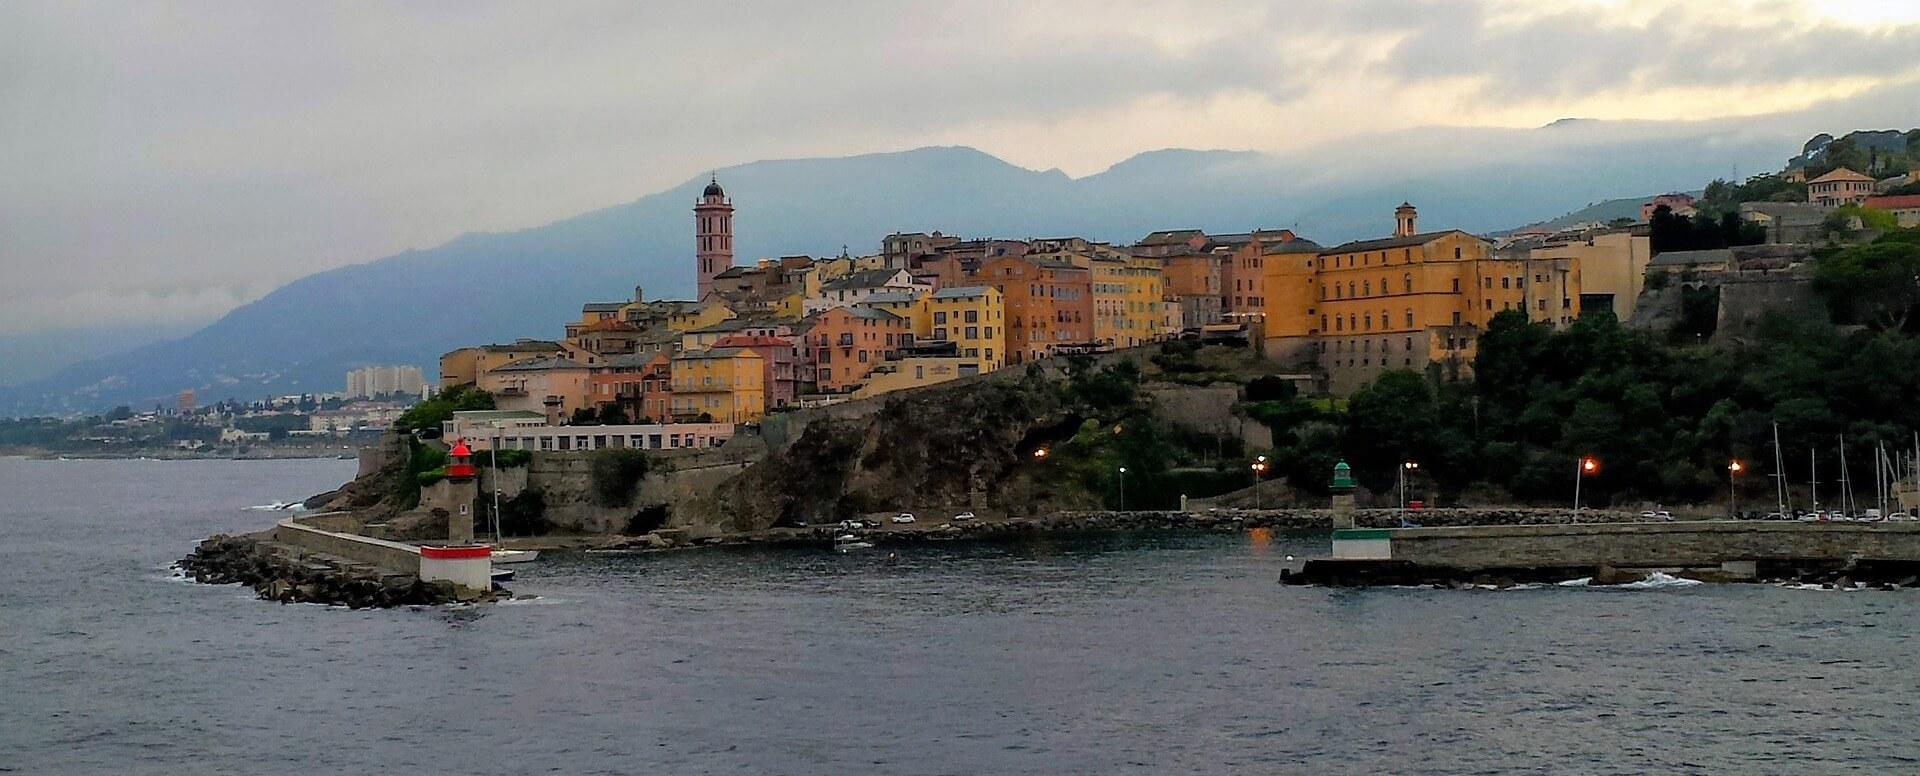 2. Visiter l'impressionnante citadelle génoise de Porto-Vecchio - Corse
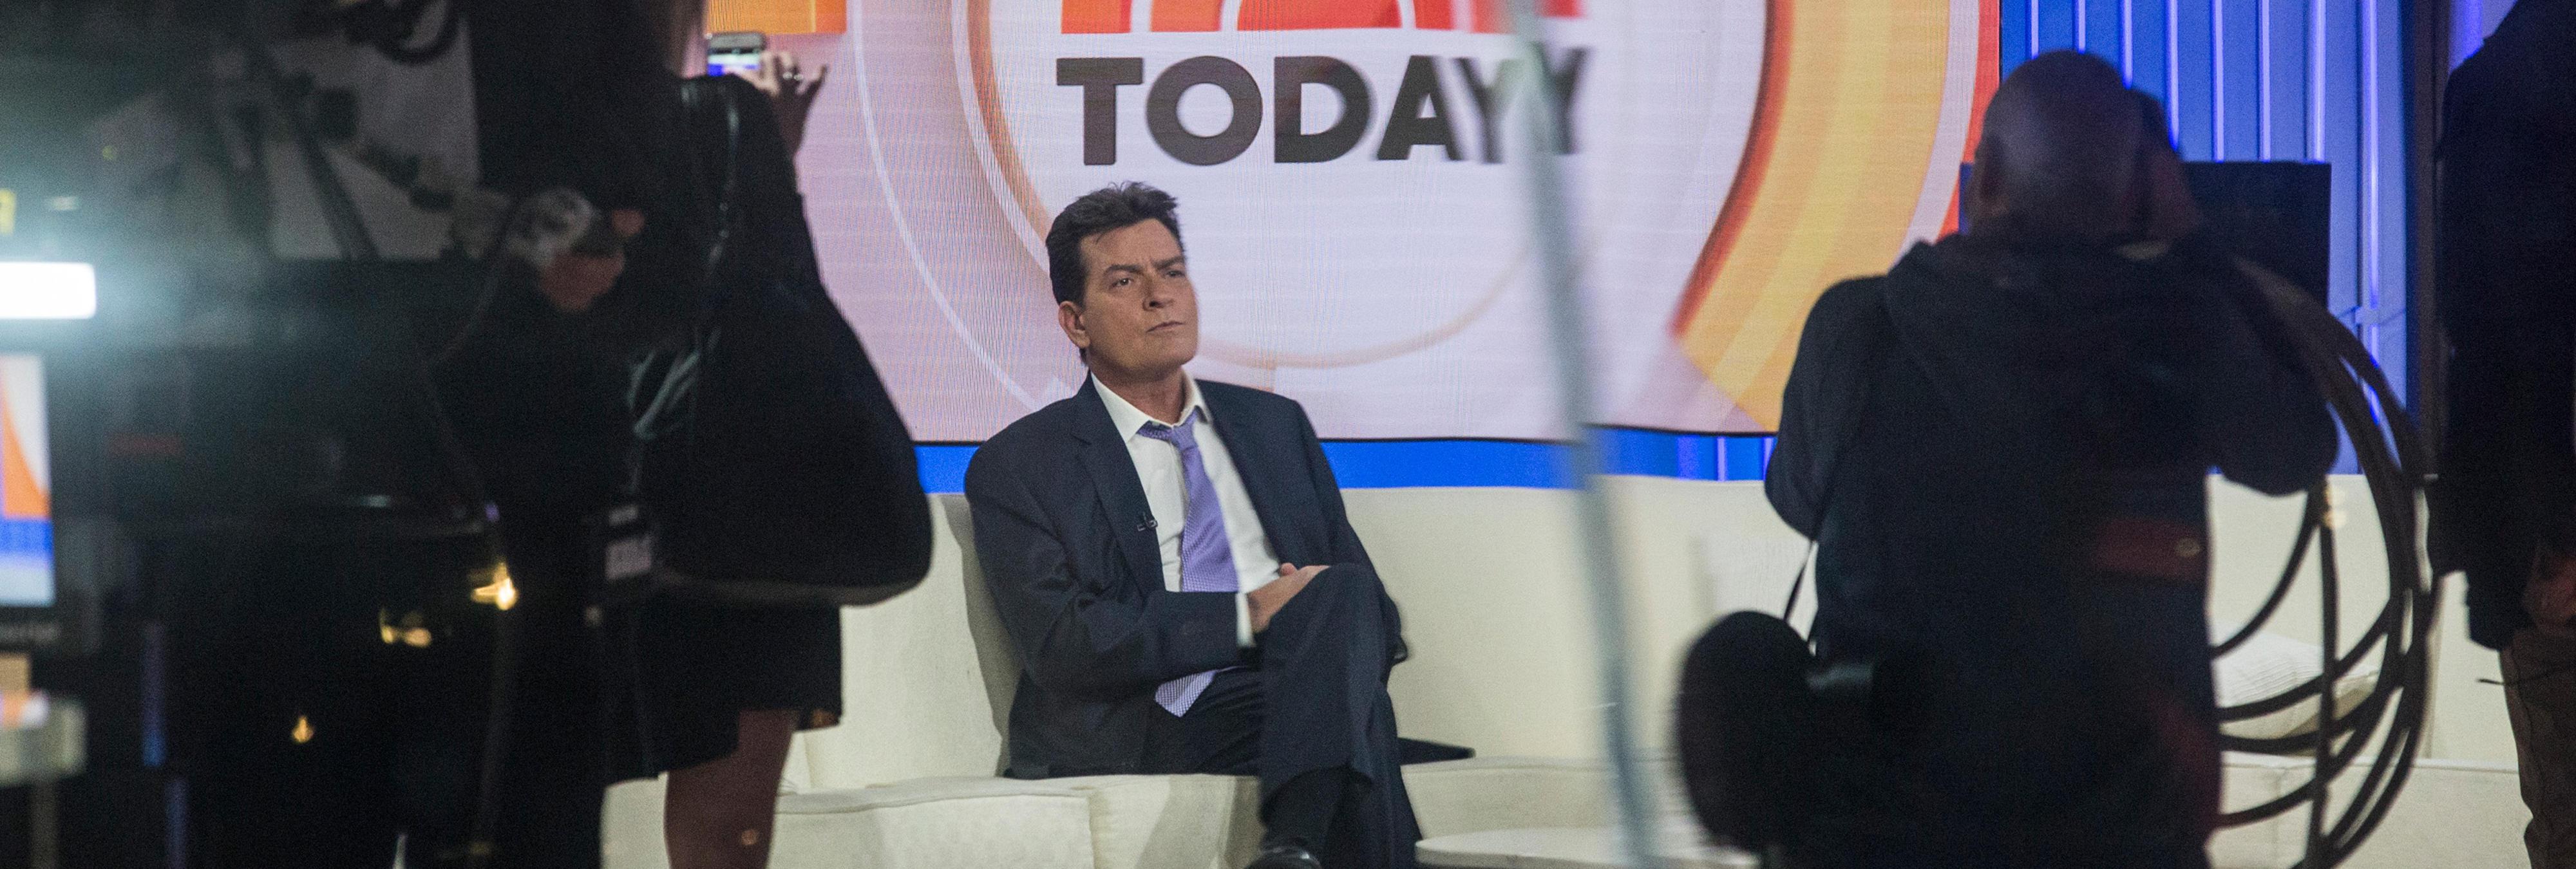 Charlie Sheen confiesa en directo que es VIH positivo
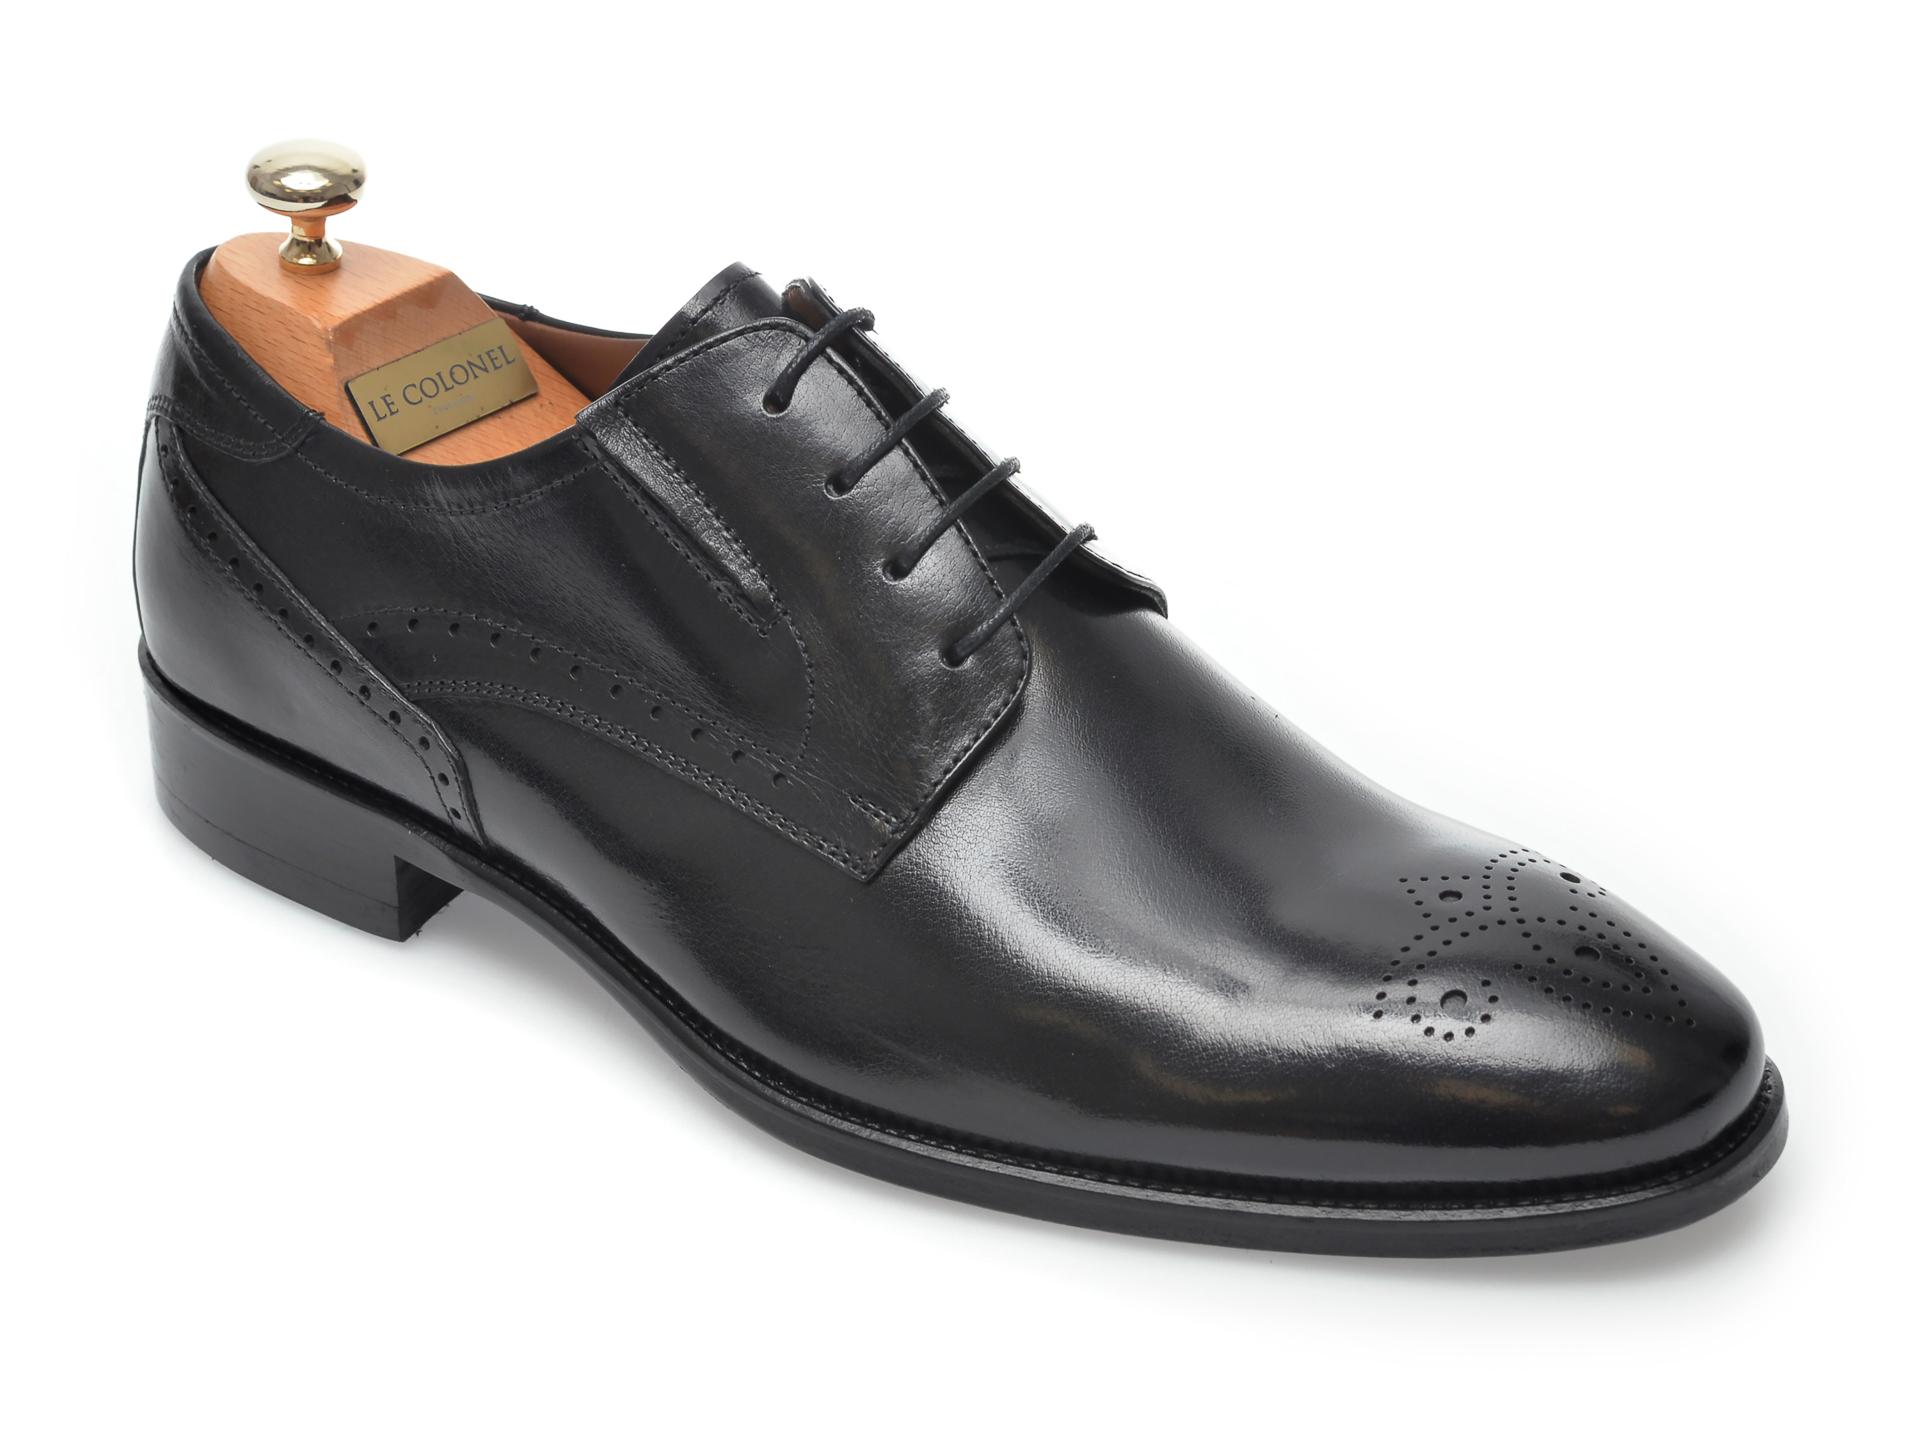 Pantofi LE COLONEL negri, 33850, din piele naturala imagine

Task objective »
Output the material word for word. Pictures do not go in.

Your solution »
 2. Visiter l'impressionnante citadelle génoise de Porto-Vecchio - Corse
 Charlie Sheen confiesa en directo que es VIH positivo
 Pantofi LE COLONEL negri, 33850, din piele naturala imagine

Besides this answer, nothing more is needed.